A Study of Electrostatic Ion Sources

Abstract

Ion sources have important applications in metallurgy, solid state physics and biology, where the controlled removal of materials is required. The present thesis is aimed at increasing the understanding of "saddle-field" electrostatic ion sources in which an oscillating electron beam produces a narrow beam of ions without the aid of a magnetic field. The characteristics of the cylindrical source, incorporating a cylindrical cathode and two anode rods, have been investigated. The main objectives were the improvement of the intensity and focussing of the emerging ion beam so as to increase the ion etching rate. The characteristics of a new source, which incorporates an annular anode instead of the two anode rods and two hemispherical cathodes instead of a cylindrical cathode, have also been investigated. It was found that this source produces an intense narrow central beam which is very suitable for ion-thinning of small specimens. The energy of the emerging ions have been measured for both sources. It was found that the energy distribution for both sources is broad but exhibits a number of peaks at different energies.
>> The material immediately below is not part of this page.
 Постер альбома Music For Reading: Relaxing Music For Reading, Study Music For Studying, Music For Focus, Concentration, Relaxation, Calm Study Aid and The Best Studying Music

The shape of the energy spectrum depends upon the gas pressure, the nature of the gas, the discharge conditions and the size of the ion exit aperture. The charge state of the ions is important for nuclear applications. A magnetic analyzer has been used to determine the charge states of ions produced by the cylindrical source. Using the appropriate gas, the predominant ions were found to be H+2, He+, N+ and A2+. Higher charge states such as N3+ and A3+ were also observed at lower abundance. However, the relative abundance of these states increases as the input power to the source is increased. It would appear that practical forms of "saddle-field" electrostatic ion sources described above can find wide application in materials analysis and nuclear physics.